Univariate Cox regression analysis showed that smoking history, family history, hematochezia, CEA, CA 19–9, tumor size, N stage, and M stage were relevant prognostic factors for postoperative OS in patients with MERC. Multivariate Cox regression analysis showed that smoking history (Yes: hazard ratio (HR)=2.905, 95% CI=1.545–5.461, p-value=0.001; No as a reference), family history (Yes: HR=3.163, 95% CI=1.706–5.864, p-value<0.001; No as a reference), hematochezia (Yes: HR=0.316, 95% CI=0.135–0.739, p-value=0.008; No as a reference), tumor size (HR=1.331, 95% CI=1.145–1.546, p-value <0.001), N stage (N1: HR=1.920, 95% CI=1.003–3.674, p-value=0.049; N2: HR=2.238, 95% CI=1.132–4.425, p-value=0.020; N0 as a reference), M stage (M1: HR =15.795, 95% CI=7.69–32.439, p-value<0.001; M0 as a reference) were independent prognostic factors for postoperative OS in patients with MERC. The results of univariate and multivariate Cox regression analyses of survival in patients with MERC are summarized in Table 2.

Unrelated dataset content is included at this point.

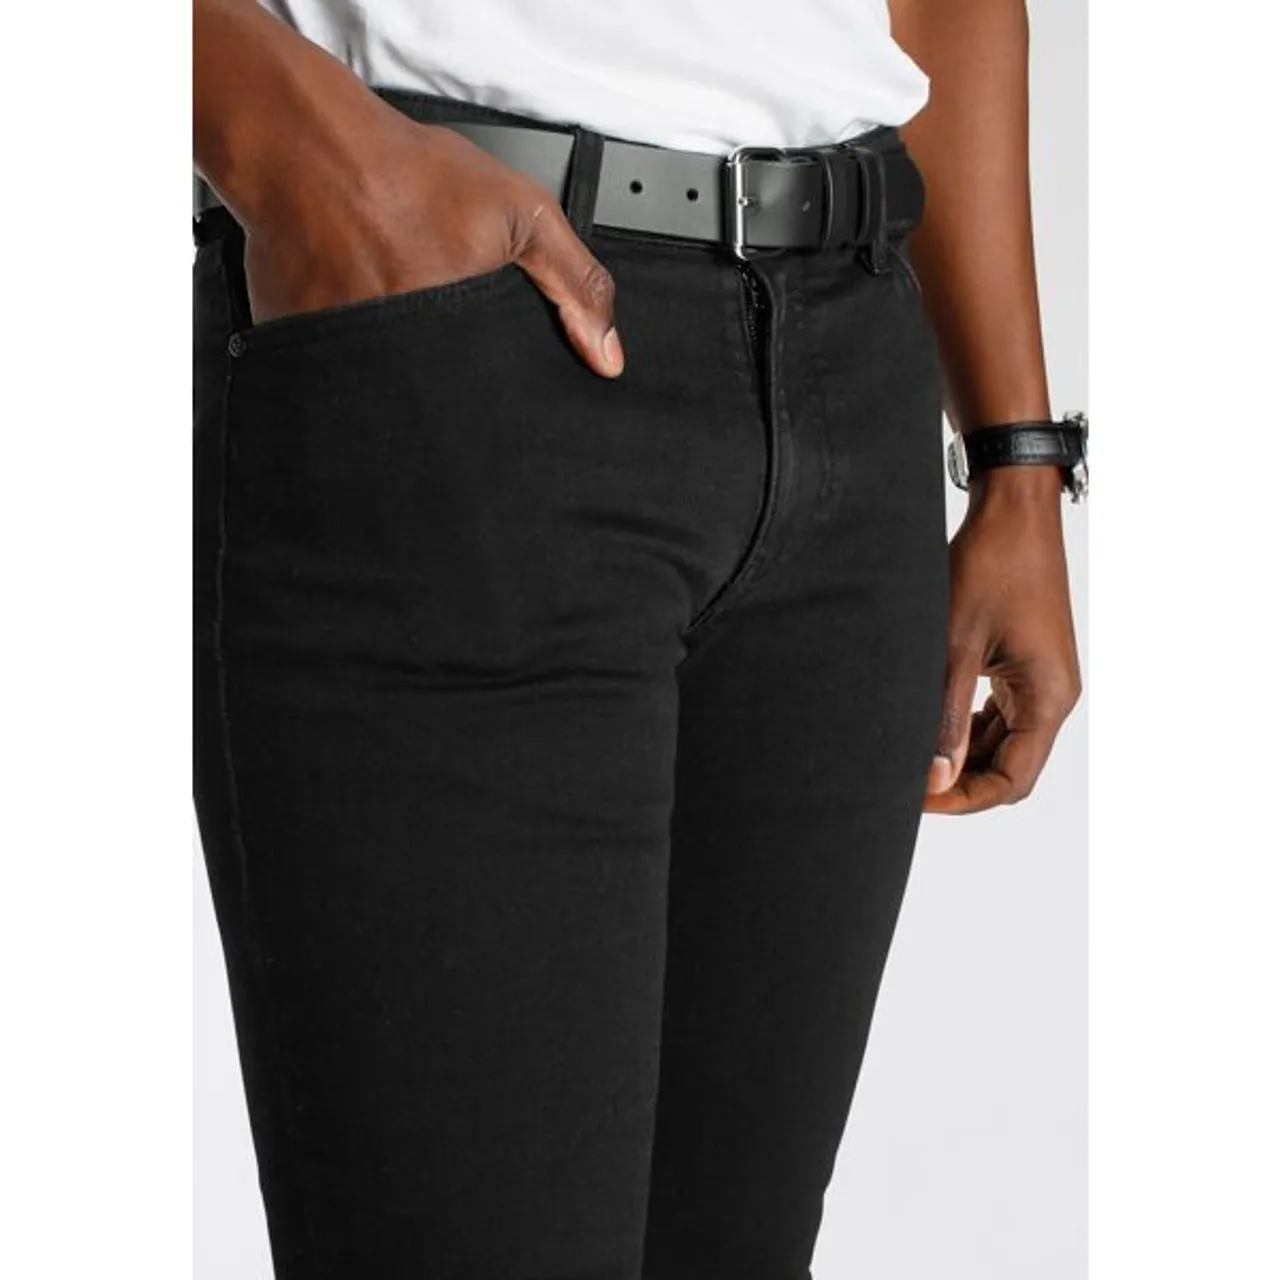 Stretch-Jeans DELMAO ""Reed"" Gr. 31, Länge 34, schwarz (black, black) Herren Jeans Stretch mit schöner Innenverarbeitung - NEUE MARKE
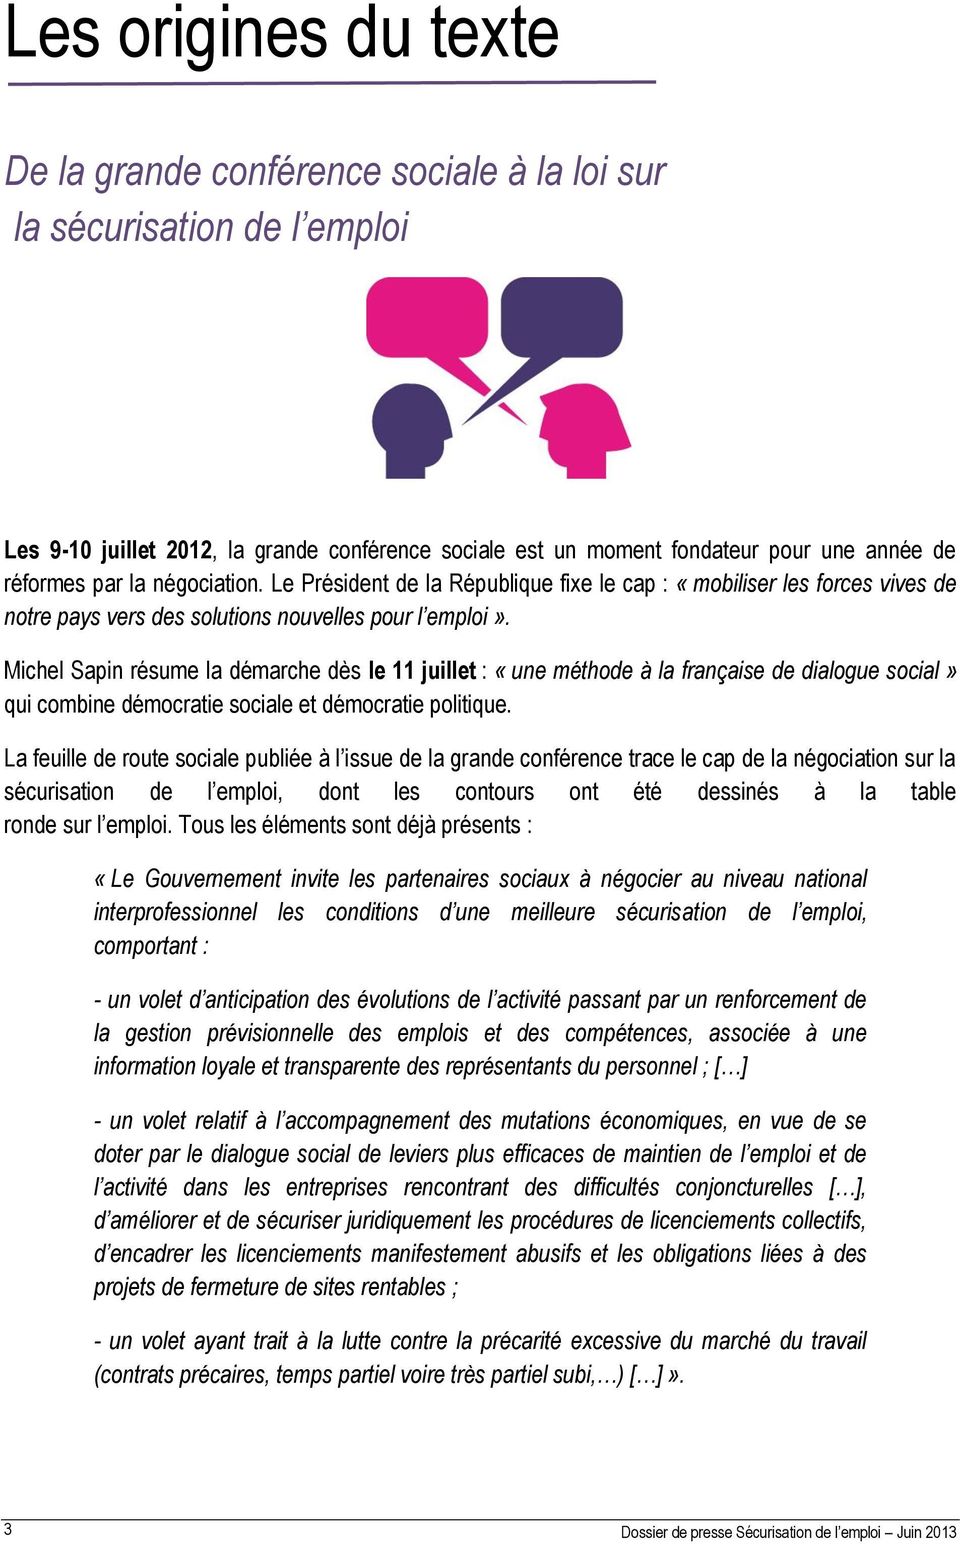 Michel Sapin résume la démarche dès le 11 juillet : «une méthode à la française de dialogue social» qui combine démocratie sociale et démocratie politique.

Table 2 Univarate and Multivariate Cox Regression Analyses of Survival in Patients with MERC

Construction and Validation of the Nоmоgram

We created a novel nomogram based on the independent prognostic factors of OS mentioned above. As shown in Figure 2, the nomogram predicted the OS of patients with MERC at 1-, 2-, and 3-year after surgery. ROC curves were used to compare the accuracy of the predicted 1-, 2-, and 3-year OS rates. In the training cohort, the AUCs for the nomogram predicting 1-, 2-, and 3-year OS were 0.957, 0.945, and 0.918, respectively, whereas those for the TNM staging system were 0.840, 0.828, and 0.799, respectively (Figure 3A–C). In the validation cohort, the AUC of the nomogram predicting 1-year OS was not significantly different from that of the TNM staging system (Figure 3D). The nomogram predicting OS at 2-and 3-year showed a more satisfactory AUC than the TNM staging system (Figure 3E and F). Therefore, the new nomogram developed in this study was found to superior to the TNM staging system in terms of its discriminatory ability. The calibration curves yielded good agreement between the predicted and observed outcomes for the 1-, 2-, and 3-year OS (Figure 4). The DCA curves also showed good clinical utility of this nomogram (Figure 5). In addition, the K-M survival curves showed that the prediction model could accurately distinguish between the high-, medium-, and low-risk groups of MERC patients (Figure 6).

Figure 2 Nomogram. Nomogram for predicting 1-, 2-, and 3-year OS in patients with MERC.

Abbreviations: OS, overall survival; MERC, middle-aged and elderly rectal cancer.

Figure 3 ROC curves. ROC curves for predicting 1-year (A), 2-year (B), and 3-year (C) overall survival between the nomogram and TNM staging system in the training cohort; ROC curves for predicting 1-year (D), 2-year (E), and 3-year (F) overall survival between the nomogram and TNM staging system in the validation cohort.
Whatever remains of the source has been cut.